- Joined
- Feb 25, 2021
- Messages
- 3,130
I’ve let myself get dragged into a few discussions on VFDs, and I see a bit of confusion on why inverter rated motors matter.
To start with, motors all generate some amount of heat. That heat is wasted energy, electricity that could have been turned into motion, but instead just generated heat. If you get nothing else out of this, just remember heat is wasted energy as far as motors are concerned. (If you’re trying to heat you room, that’s another story). Heat is also what eventually kills motors. Bearings wear faster when hot. Lubricants break down faster. Insulation fails faster. Copper wire corrodes faster. Most of these aren’t instantly catastrophic if not taken too far.
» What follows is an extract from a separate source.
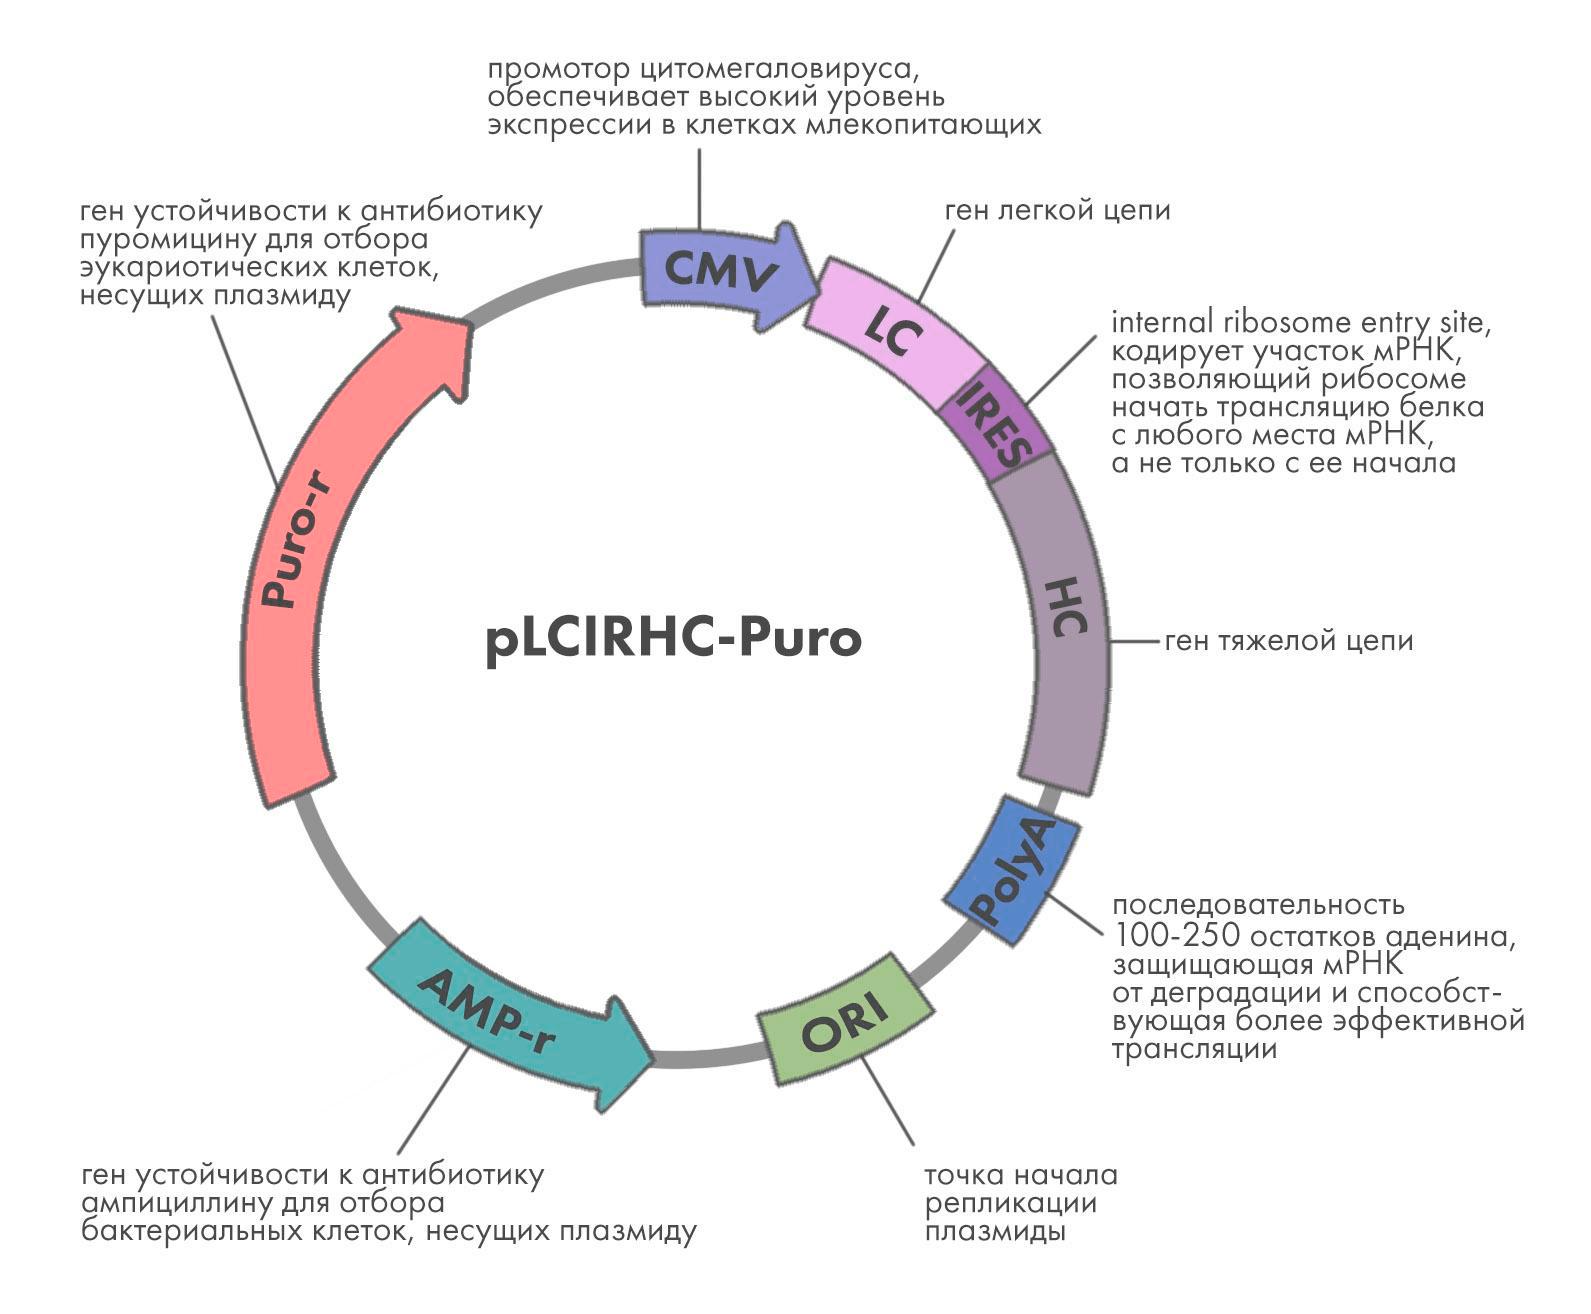 Схема плазмиды для экспрессии антител в клетках млекопитающих

Like running your car hard, or pulling a heavy trailer, your car’s life will suffer, but unless you get wild, it won’t die immediately. How badly a motor will suffer is almost like predicting how long your car will last. Manufacture, make, model, road conditions, and luck of the draw all play some part in that.
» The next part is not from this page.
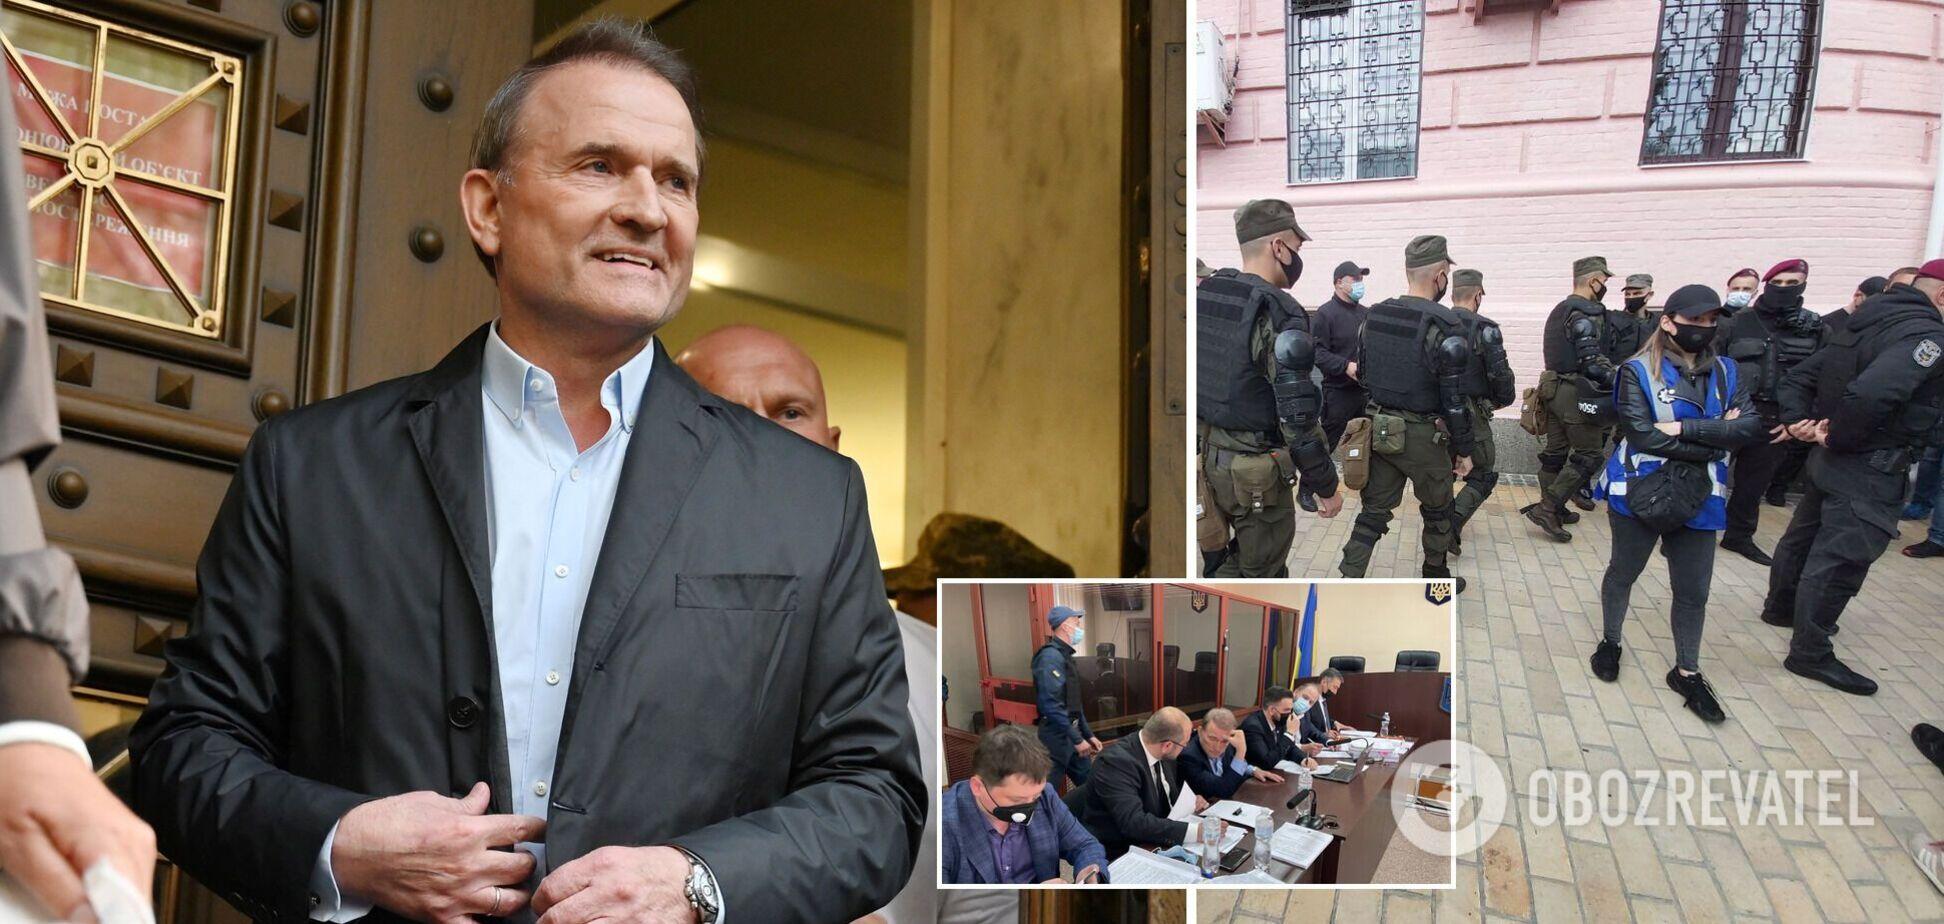 Суд избирает меру пресечения Медведчуку: что происходит под стенами. Все детали, фото и видео

Of course temperature is the actual killer above. Sure, more heat increases the temperature, but fans, and lower ambient temperature will reduce the temperature rise. Motors are designed to not overheat by adding enough fan air movement to keep them within reasonable temperature. Just like a car’s radiator. But if the motor is operated outside it’s designed parameters it risks overheating.
Since we’re often using general purpose motors in weird ways, we have to have some understanding of what causes overheating to make a good guess at whether our motor will work well for a given application. Of course, if you’re in the business of using motors to make high efficiency systems like HVAC systems, you also want to get the most motion for your dollar of electricity. The cost of the motor may be significantly less than the lifetime power costs. ( This was the real motivation for early VFDs, saving electricity). As home, or even professional machinists, electrical costs are rarely a big factor in how we use or set up our equipment.
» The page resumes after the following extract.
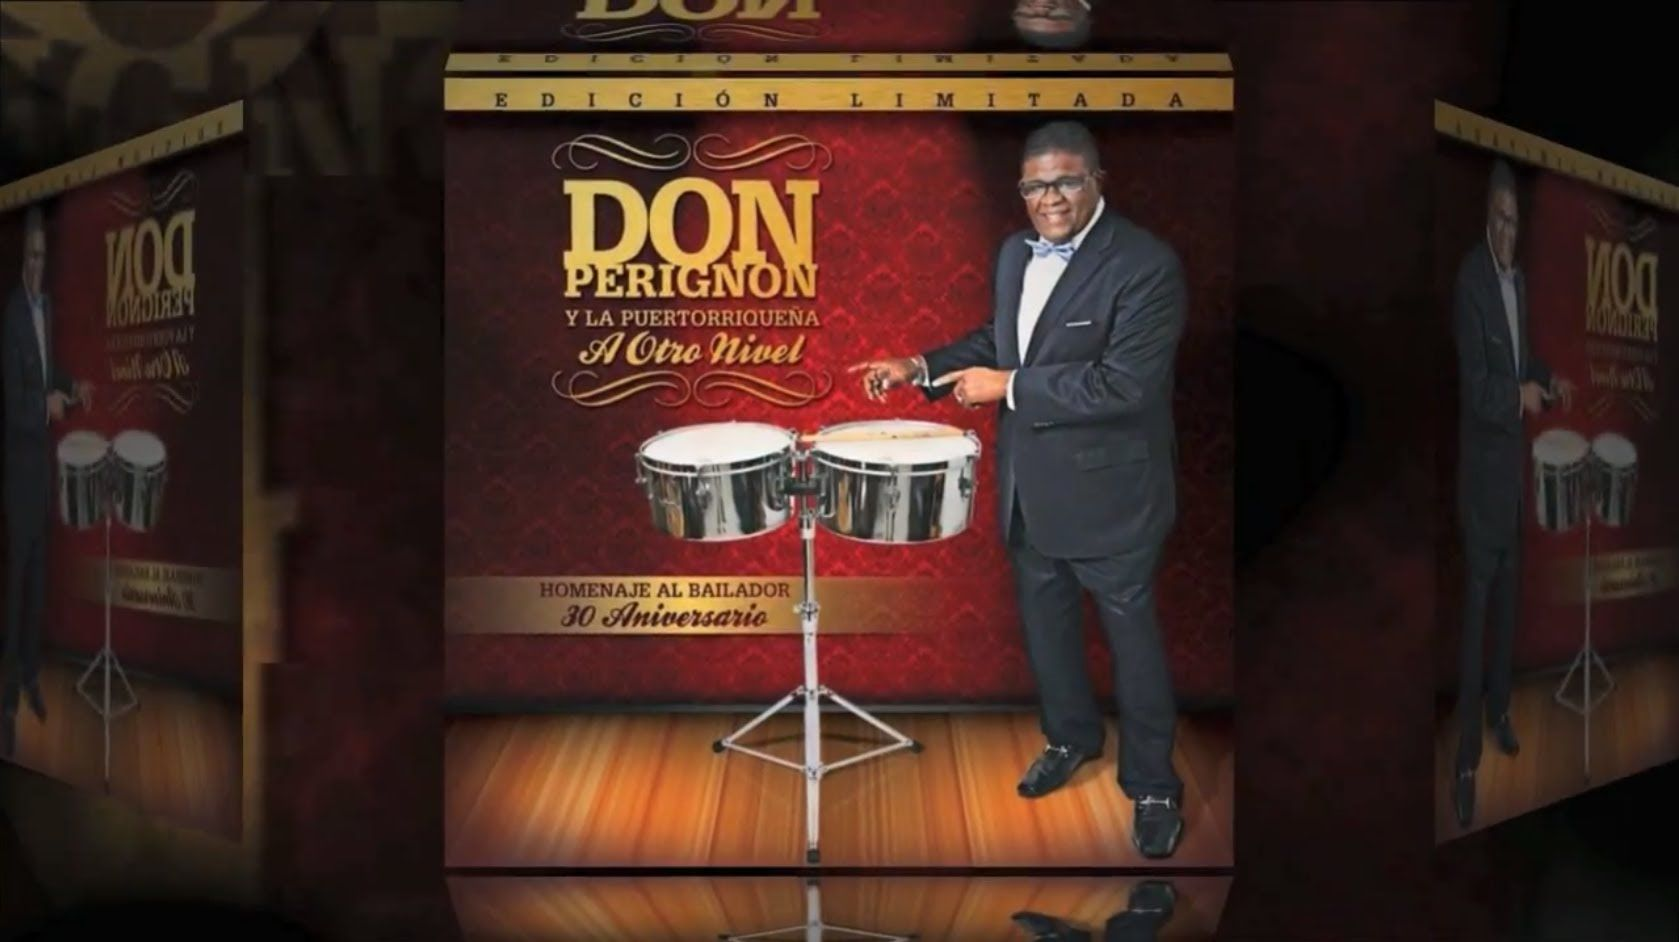 Don Perignon,La Puertorriqueña,WestGateLounge,Canta Josue Rosado Guarach...

Many motors actually give you an efficiency rating. That rating is at optimum conditions, sort of like MPG in your car. Usually its at 60Hz, and about 75% of rated power. Generally anything else is going to be less efficient for that motor. But it is not easy to determine how much less efficient. Efficiency is simply the power creating motion divided by the total power used. Heat is pretty close to total power used minus power of motion. (air movement from the fan and noise created also use a small amount of power.). What this means is if the motor is generating less power of motion, than for the same efficiency it is generating less heat. Or,
heat = (1-efficiency) * actual horsepower output. Unfortunately efficiency does change a bit with horsepower output, but not drastically, so you can get dome idea from this of whats going. And it’s pretty intuitive, that motor is going to get hotter if it’s cranking out more power.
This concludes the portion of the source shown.